I just need to bust myself out of this Fat Funk (wish it was a Phat Funk, that would be better). What do you do to keep yourself focused on health, fitness, vitality, and all of the things that matter more than a dress size?

Friday, May 21, 2010

Crazy-Making Weather

I live in the Pacific Northwest, so I get rain. I understand that spring is rainy, and sometimes windy, and sometimes a little stormy. But the last two weeks have been ridiculous. All day long, we alternate schizophrenically between sun and rain, hail, sleet, driving crazy winds (the kind with tree branches flying off and going tumbling through the air, not like gentle spring breezes), and pouring drenching ridiculous rain. You can't plan to do anything outside even a few minutes ahead of time, you can look outside and it's sunny and by the time you've grabbed your running shoes there's so much water pouring out of the sky it's like a bathtub got turned on your head.

It's driving. me. crazy.

Literally, I feel like a maddened beehive got turned loose inside my head, it's making me nuts. Can't get outside. Can't garden. Can't bike or run. I can take running in the rain, trust me I do it about 5 months out of the year. But running in a downpour with tree branches hailing down on your head and thunder cracking around? No thanks.

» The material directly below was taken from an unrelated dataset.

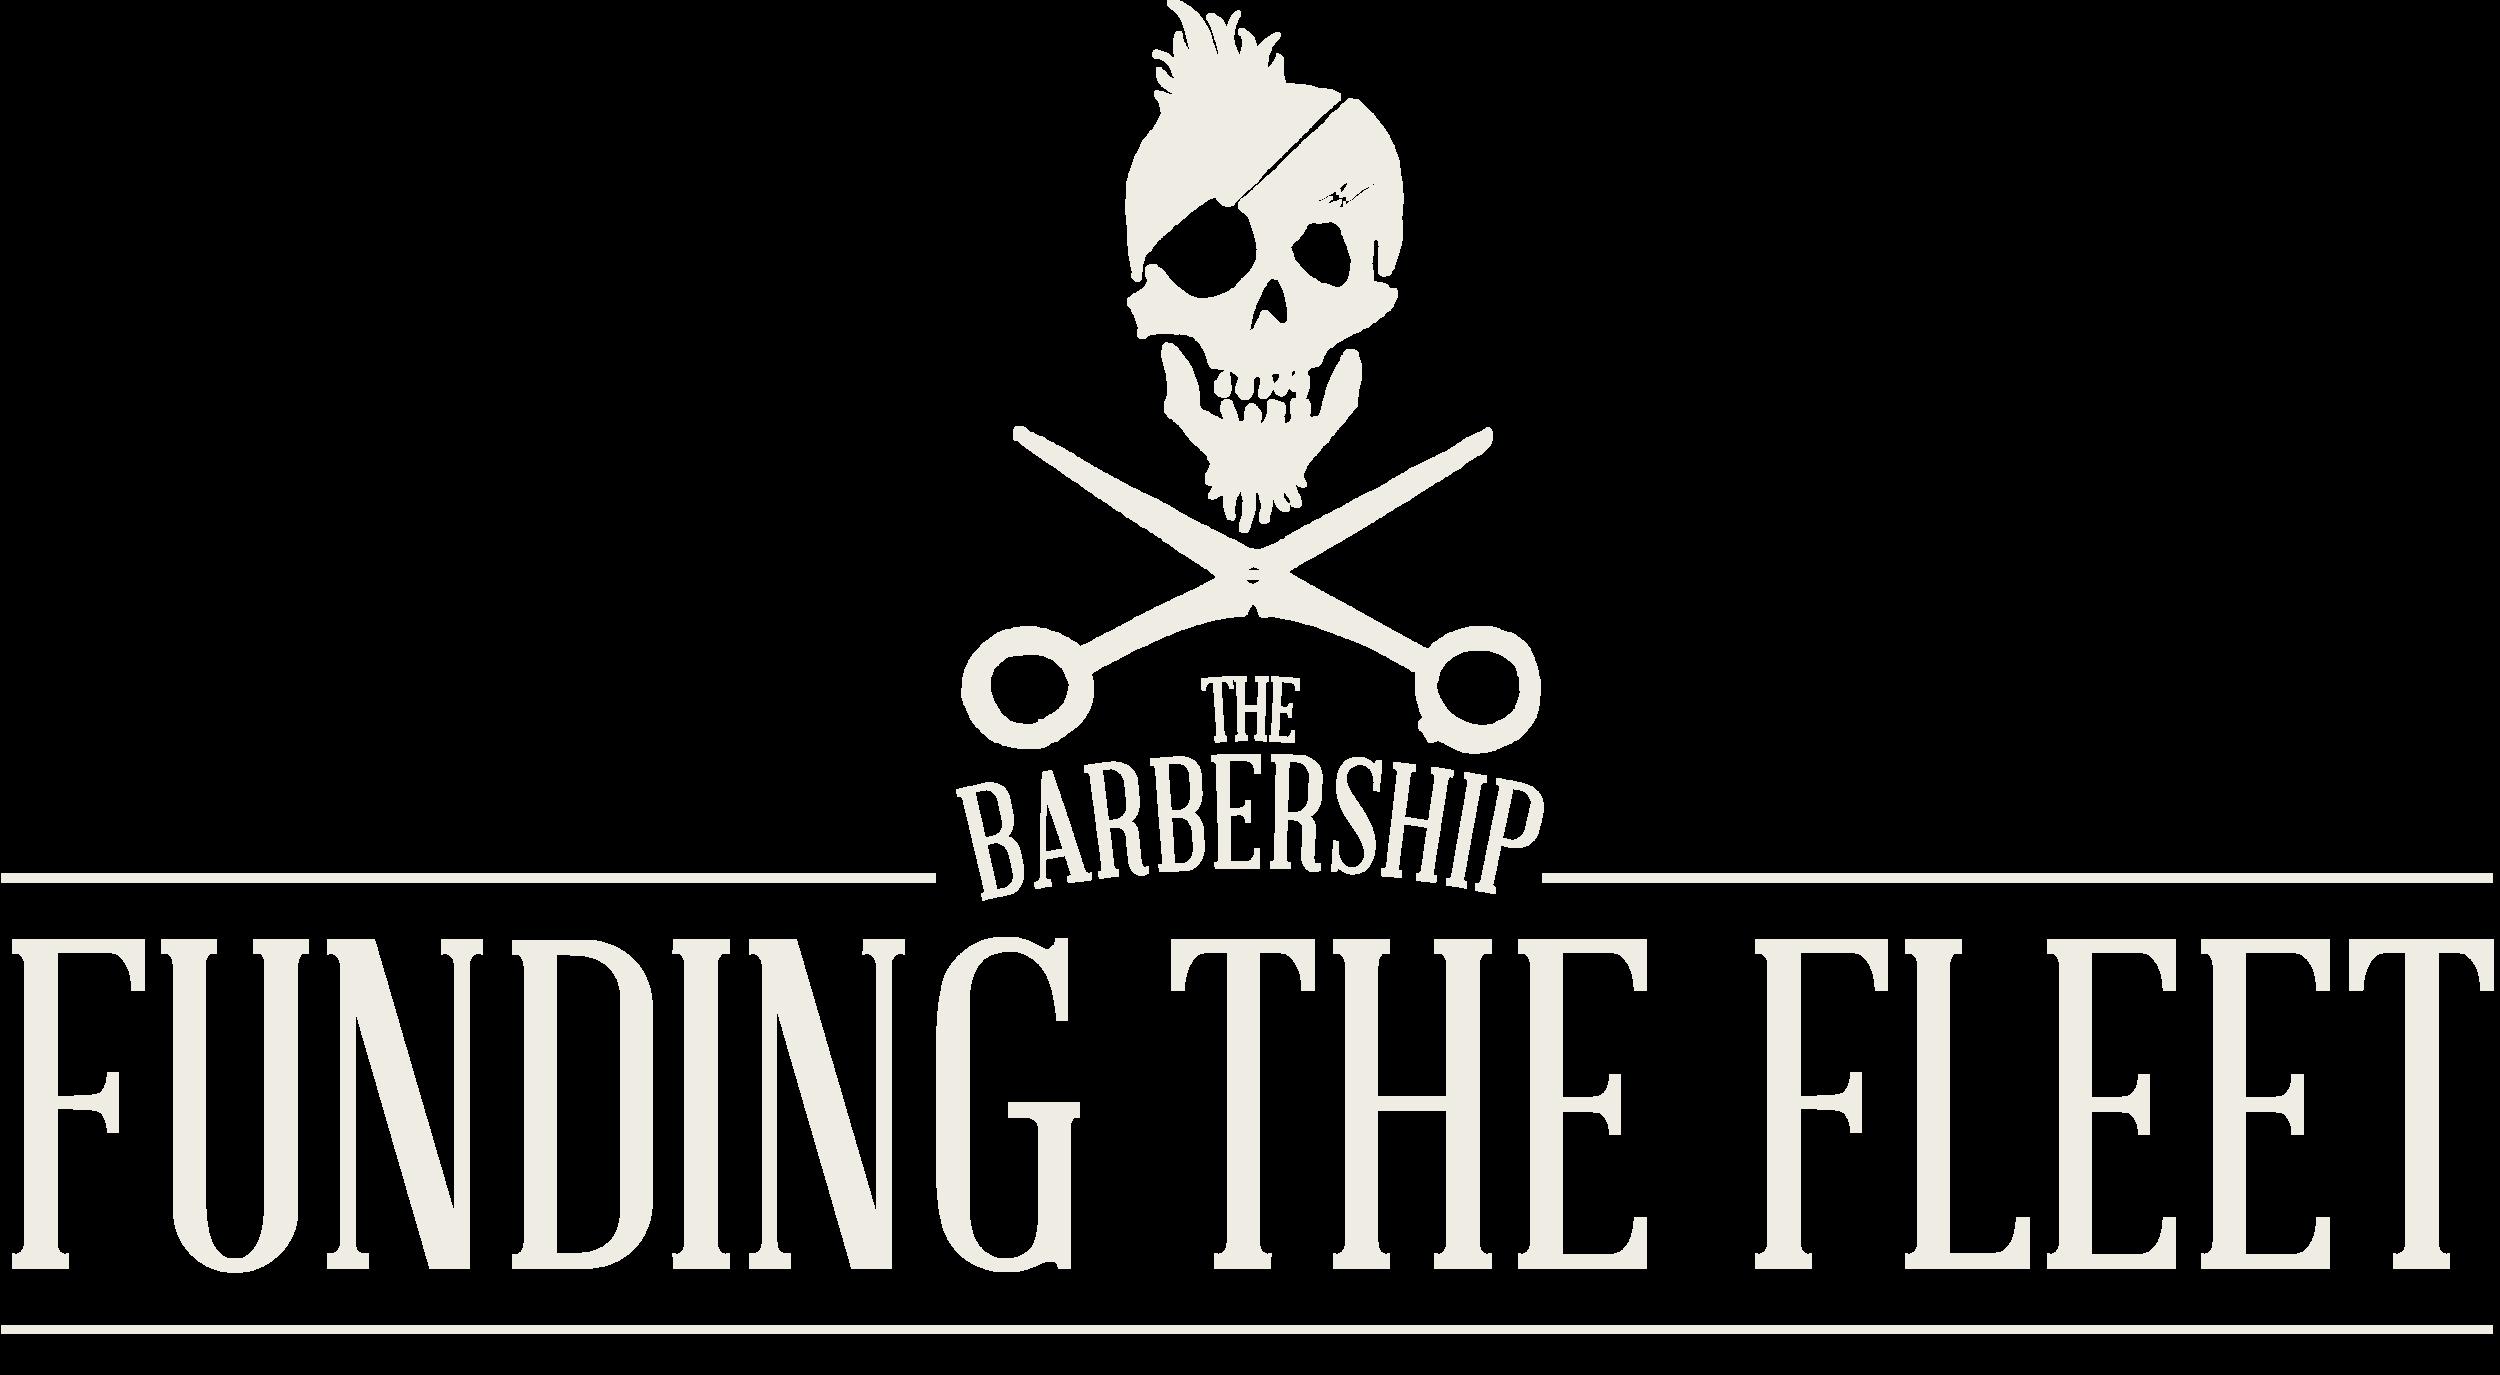 Funding the Fleet Barbership Website Banner.png

Luckily, we got a small break in the weather for the Ride of Silence on Wednesday, although not surprisingly the turnout was very low (gee, you think the hail, sleet, pouring rain and driving winds had anything to do with that?). That's the saddest I've been in a long time, so maybe that has contributed to my mood. As a mom, hearing a parent speak about losing their child to a collision with a car? That's almost unbearable. And yet, my kids ride bikes. How can I not have my kids ride bikes? How can I not ride a bike? Even knowing what's out there, the possible death that awaits with every driver who is distracted or in too much of a hurry? Should I just have my kids turn into these sofa slugs who get driven everywhere then? Like the blobby kids who pour out of the minivans at school drop-off lines or even at soccer games?

But what about the 10 year old killed at a crosswalk that the Ride of Silence arrived at on Wednesday. The teenager who hit him was going 65 miles per hour, and pulled around a car that had stopped for the young boy walking his bike across the street. He pushed the boy's bike 211 feet before finally skidding to a stop. Thinking of these things makes my head hurt. It makes my heart hurt. I have a 10 year old, no mother should have to lose a child like that, to someone else's impatience in their automobile. Maybe these are some of the bees in my head. Maybe it's not all just the weather.

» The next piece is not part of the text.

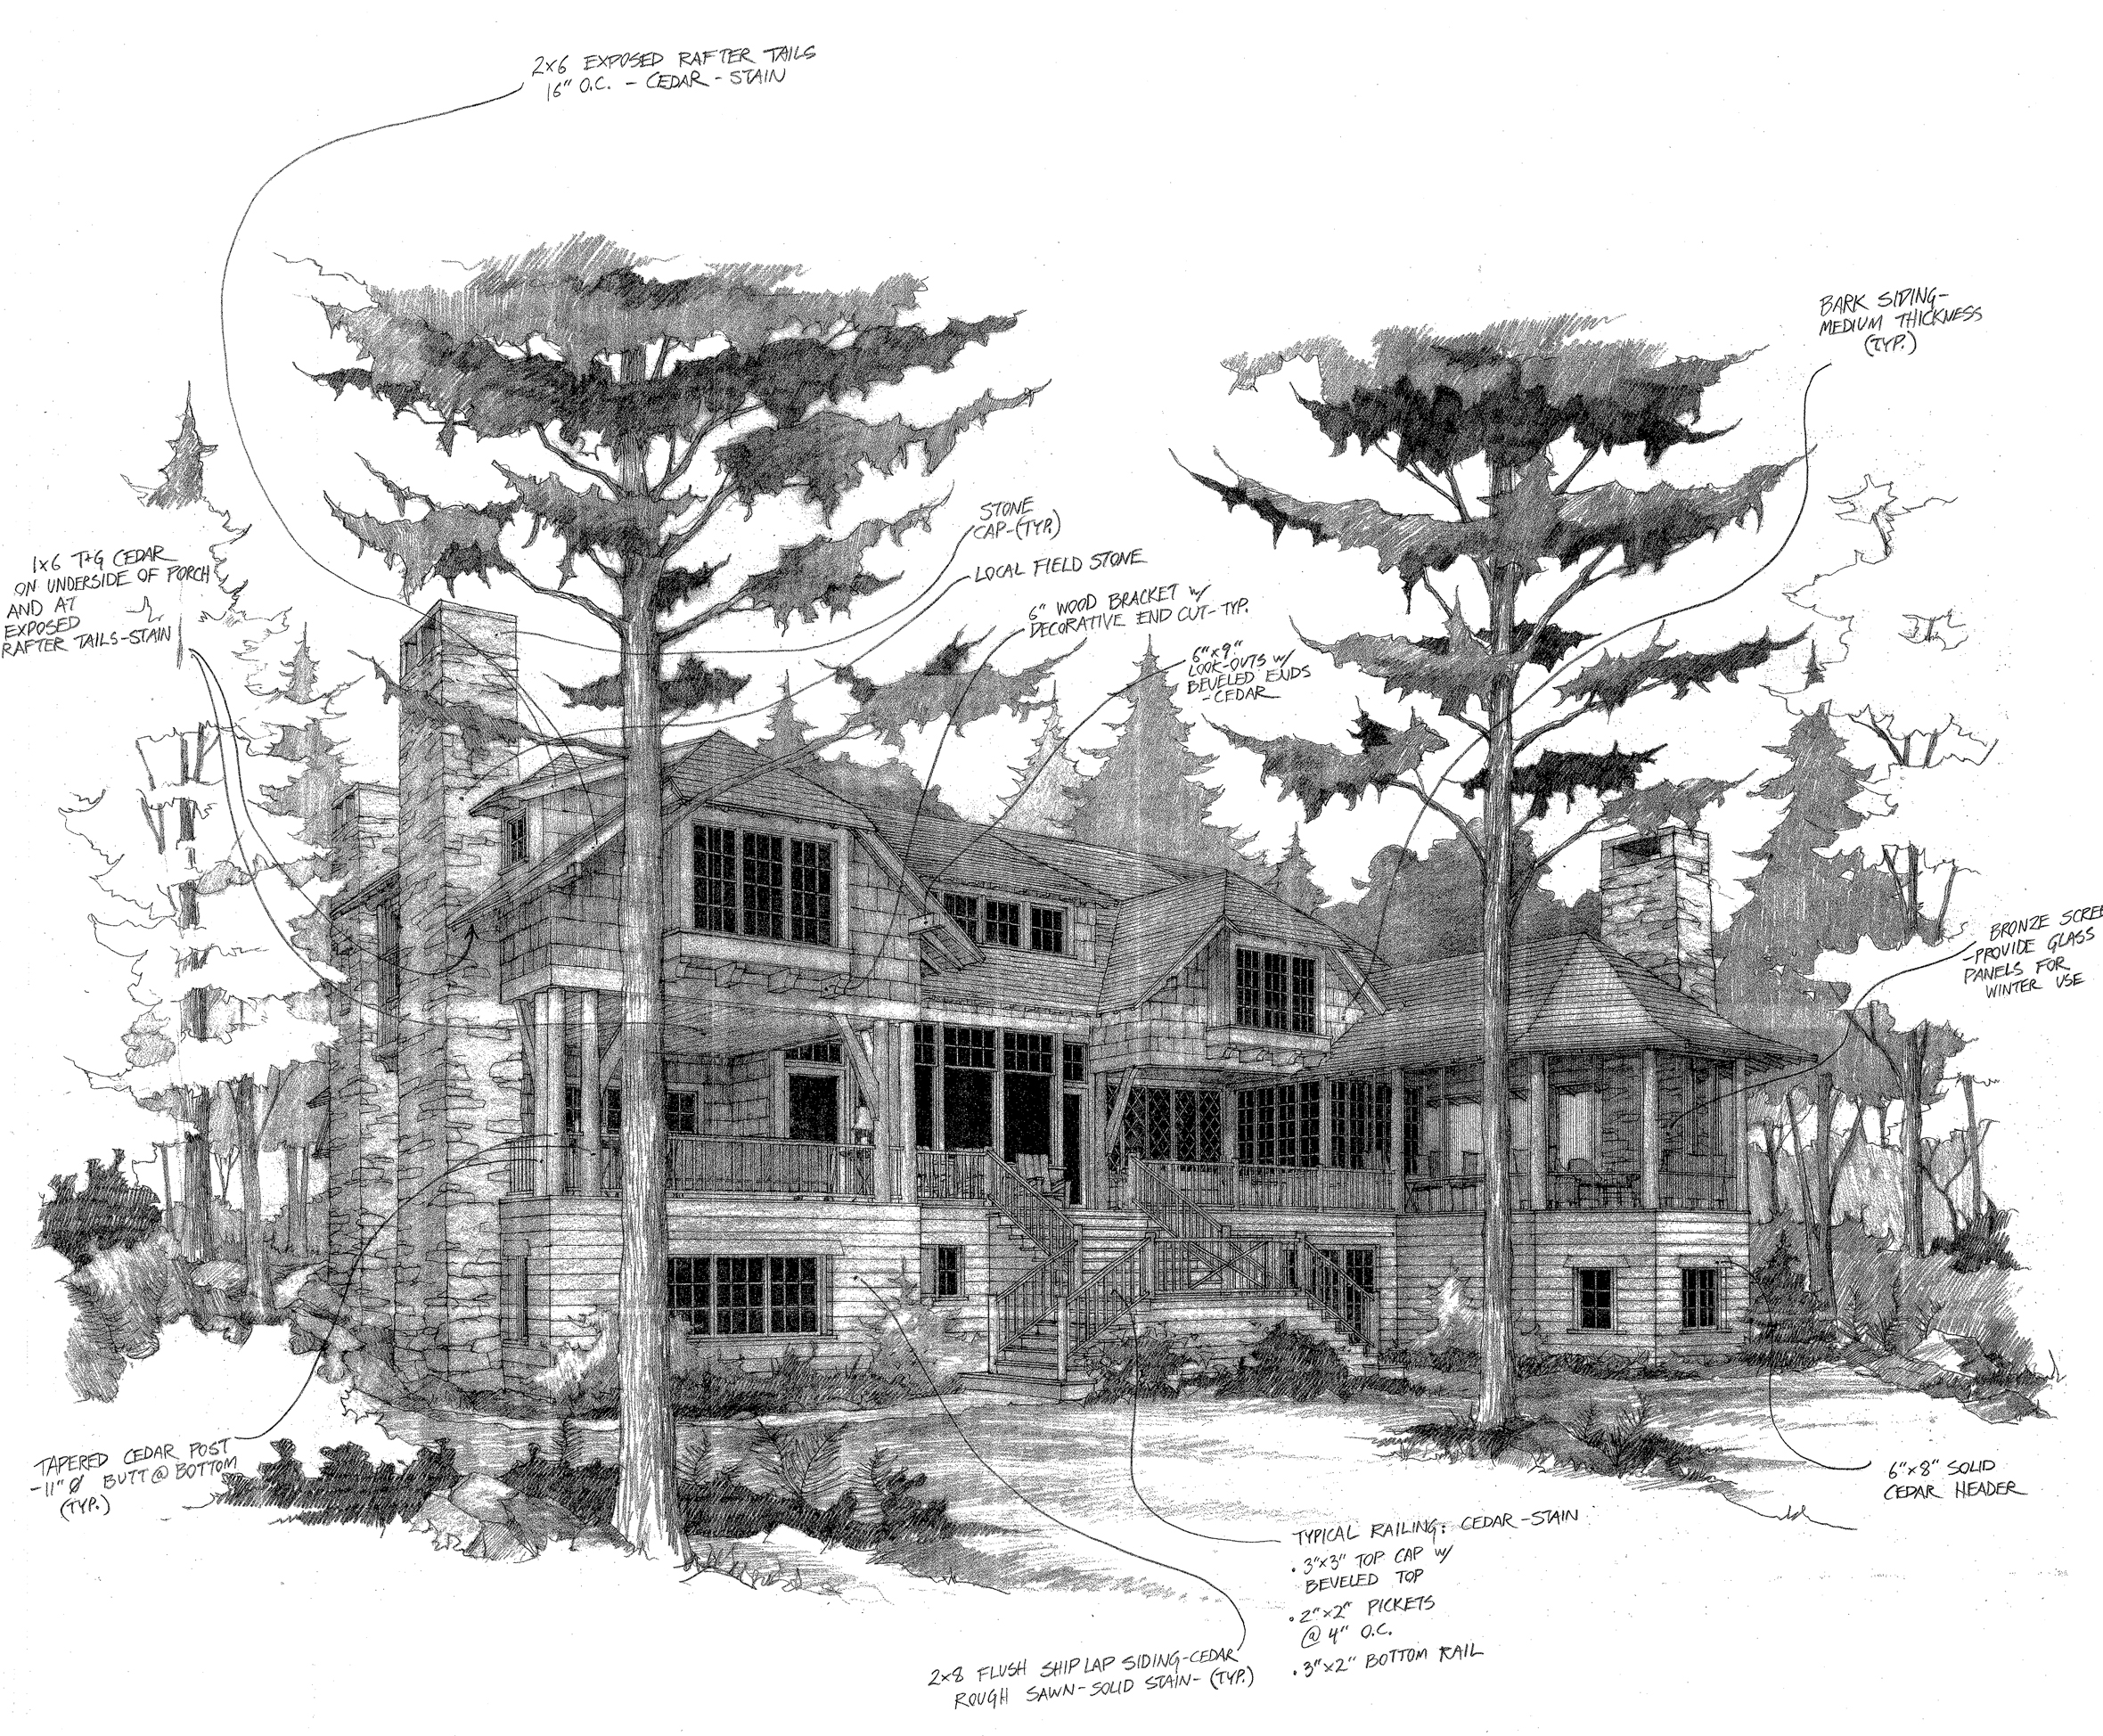 Lake_Placid.New_York.Lake_House.Robert_Orr_&_Associates.Architecture.Landscape_Architecture.Urbanism.Camp.Lake_Side_Perspective.Mark_Kline_Del.Pursley_Dixon.jpg

Still, I can't wait for the weather to clear so I can... get out on my bike? What does that say about my brain then. Hmmmm....

Tuesday, June 03, 2008

NO EXCUSE FOR THIS

A drunken man plowed into an entire pack of cyclists in a bike race. WARNING: Do not go to this link if you are likely to be disturbed by a horrifying photo of a car slamming into a group of cyclists.

My heart goes out to the families and friends of the dead and injured cyclists, and to the survivors who surely will live with this day in their hearts the rest of their lives.

There is no excuse for this. None. I wish there was a universal zero tolerance on drinking and driving. There's just never ever any reason to operate a ton of moving metal under the influence of anything.

The Ride of Silence was just last week. It's so sad that it's necessary.